Instructions to follow – Write out exactly the lines of the material below, beginning at the top and ending at the line that contains "Лампа ртутная высокого".

Records provided –
========================
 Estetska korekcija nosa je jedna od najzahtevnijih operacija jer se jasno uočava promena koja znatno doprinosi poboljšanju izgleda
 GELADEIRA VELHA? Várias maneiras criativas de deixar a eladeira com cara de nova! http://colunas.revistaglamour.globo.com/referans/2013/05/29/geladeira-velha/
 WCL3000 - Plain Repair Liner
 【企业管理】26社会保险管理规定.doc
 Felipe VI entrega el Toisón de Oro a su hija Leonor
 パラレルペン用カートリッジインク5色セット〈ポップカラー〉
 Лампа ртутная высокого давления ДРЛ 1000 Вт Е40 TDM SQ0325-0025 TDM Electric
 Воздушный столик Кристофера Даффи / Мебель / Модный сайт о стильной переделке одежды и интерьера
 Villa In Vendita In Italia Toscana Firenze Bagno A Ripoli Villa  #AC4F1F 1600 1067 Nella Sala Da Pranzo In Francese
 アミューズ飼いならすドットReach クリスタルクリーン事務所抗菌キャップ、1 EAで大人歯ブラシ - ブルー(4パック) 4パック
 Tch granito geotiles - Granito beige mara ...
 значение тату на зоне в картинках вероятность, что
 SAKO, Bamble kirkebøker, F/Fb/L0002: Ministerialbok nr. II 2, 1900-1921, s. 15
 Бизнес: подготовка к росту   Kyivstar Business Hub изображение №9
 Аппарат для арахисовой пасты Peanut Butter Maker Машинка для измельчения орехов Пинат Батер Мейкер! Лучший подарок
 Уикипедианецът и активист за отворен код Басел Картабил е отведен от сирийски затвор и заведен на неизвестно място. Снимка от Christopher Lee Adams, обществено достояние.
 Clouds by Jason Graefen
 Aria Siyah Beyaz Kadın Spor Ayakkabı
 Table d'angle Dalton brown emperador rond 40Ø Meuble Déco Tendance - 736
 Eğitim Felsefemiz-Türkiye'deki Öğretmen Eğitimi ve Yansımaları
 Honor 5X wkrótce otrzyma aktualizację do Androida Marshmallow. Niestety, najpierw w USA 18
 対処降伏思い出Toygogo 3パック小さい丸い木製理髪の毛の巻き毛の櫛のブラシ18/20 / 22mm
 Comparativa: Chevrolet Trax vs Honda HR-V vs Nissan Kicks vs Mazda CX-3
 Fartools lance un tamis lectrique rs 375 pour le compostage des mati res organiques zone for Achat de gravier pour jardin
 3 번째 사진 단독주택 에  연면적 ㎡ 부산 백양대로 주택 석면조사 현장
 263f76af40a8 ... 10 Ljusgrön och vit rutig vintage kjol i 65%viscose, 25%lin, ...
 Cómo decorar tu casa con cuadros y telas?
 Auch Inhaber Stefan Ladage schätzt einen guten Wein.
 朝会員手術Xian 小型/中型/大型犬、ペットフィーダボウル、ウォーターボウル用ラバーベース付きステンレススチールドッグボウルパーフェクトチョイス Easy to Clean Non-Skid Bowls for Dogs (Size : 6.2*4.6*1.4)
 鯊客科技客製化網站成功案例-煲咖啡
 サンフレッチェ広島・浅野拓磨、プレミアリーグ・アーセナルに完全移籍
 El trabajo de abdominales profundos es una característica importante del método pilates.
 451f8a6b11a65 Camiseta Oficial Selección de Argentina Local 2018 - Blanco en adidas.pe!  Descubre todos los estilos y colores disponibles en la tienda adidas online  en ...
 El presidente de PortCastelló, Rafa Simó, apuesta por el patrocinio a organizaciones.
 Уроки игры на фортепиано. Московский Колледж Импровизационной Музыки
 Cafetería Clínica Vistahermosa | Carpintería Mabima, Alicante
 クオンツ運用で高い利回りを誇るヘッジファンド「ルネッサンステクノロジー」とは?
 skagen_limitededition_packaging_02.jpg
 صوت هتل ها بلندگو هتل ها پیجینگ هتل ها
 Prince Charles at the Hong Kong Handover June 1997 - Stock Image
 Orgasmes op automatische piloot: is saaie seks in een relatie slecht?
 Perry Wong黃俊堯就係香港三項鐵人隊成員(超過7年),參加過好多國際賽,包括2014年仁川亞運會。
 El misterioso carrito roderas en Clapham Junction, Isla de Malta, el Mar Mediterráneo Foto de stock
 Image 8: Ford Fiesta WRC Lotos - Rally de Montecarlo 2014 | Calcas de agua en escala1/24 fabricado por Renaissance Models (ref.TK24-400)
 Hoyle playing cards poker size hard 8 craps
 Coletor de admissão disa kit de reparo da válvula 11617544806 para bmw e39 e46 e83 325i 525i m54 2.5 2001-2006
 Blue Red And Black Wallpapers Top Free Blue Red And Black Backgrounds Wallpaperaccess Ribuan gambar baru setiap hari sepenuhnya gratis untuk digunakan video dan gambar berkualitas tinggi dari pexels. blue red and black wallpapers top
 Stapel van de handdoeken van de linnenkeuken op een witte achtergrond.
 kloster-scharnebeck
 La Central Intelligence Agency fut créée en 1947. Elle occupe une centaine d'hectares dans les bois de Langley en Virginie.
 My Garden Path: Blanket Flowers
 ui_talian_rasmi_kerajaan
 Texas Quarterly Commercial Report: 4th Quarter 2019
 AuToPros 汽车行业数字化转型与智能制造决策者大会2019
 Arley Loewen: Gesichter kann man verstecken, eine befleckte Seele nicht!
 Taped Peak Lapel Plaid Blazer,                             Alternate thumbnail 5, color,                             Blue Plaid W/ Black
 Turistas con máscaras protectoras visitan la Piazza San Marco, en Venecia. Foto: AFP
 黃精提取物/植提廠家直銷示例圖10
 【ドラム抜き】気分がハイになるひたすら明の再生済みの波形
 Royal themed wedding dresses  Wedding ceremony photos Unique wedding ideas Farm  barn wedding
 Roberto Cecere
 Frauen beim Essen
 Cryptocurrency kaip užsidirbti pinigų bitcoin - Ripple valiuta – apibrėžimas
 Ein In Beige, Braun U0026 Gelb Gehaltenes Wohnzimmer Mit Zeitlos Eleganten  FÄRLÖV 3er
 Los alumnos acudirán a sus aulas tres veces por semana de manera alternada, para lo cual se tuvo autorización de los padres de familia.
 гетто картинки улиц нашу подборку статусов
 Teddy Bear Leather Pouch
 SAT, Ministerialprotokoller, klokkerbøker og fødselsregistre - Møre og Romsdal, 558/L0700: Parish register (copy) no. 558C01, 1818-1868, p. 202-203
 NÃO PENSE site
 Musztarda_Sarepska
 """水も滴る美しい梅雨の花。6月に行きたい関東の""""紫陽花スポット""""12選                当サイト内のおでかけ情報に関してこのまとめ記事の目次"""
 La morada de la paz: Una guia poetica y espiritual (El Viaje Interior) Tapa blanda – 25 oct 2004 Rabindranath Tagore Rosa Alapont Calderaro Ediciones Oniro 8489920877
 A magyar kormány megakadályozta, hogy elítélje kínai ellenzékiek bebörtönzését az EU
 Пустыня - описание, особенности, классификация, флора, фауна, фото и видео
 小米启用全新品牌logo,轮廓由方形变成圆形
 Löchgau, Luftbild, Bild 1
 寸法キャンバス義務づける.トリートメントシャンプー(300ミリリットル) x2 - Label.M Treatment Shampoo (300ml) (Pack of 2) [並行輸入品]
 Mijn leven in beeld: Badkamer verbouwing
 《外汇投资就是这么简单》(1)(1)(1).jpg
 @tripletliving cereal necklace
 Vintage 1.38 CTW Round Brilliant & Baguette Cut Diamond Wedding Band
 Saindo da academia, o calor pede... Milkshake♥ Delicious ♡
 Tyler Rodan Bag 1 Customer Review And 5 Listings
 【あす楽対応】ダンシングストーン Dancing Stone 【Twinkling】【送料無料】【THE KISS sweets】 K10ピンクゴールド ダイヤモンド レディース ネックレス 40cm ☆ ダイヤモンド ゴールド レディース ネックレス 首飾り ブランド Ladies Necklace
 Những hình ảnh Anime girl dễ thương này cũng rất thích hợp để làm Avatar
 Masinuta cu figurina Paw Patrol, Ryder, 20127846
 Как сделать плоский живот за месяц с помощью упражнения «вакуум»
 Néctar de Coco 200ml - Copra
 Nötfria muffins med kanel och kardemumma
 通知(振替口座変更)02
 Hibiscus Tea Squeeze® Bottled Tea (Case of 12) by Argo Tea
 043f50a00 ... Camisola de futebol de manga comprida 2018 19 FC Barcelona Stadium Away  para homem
========================
Output below –
 Estetska korekcija nosa je jedna od najzahtevnijih operacija jer se jasno uočava promena koja znatno doprinosi poboljšanju izgleda
 GELADEIRA VELHA? Várias maneiras criativas de deixar a eladeira com cara de nova! http://colunas.revistaglamour.globo.com/referans/2013/05/29/geladeira-velha/
 WCL3000 - Plain Repair Liner
 【企业管理】26社会保险管理规定.doc
 Felipe VI entrega el Toisón de Oro a su hija Leonor
 パラレルペン用カートリッジインク5色セット〈ポップカラー〉
 Лампа ртутная высокого давления ДРЛ 1000 Вт Е40 TDM SQ0325-0025 TDM Electric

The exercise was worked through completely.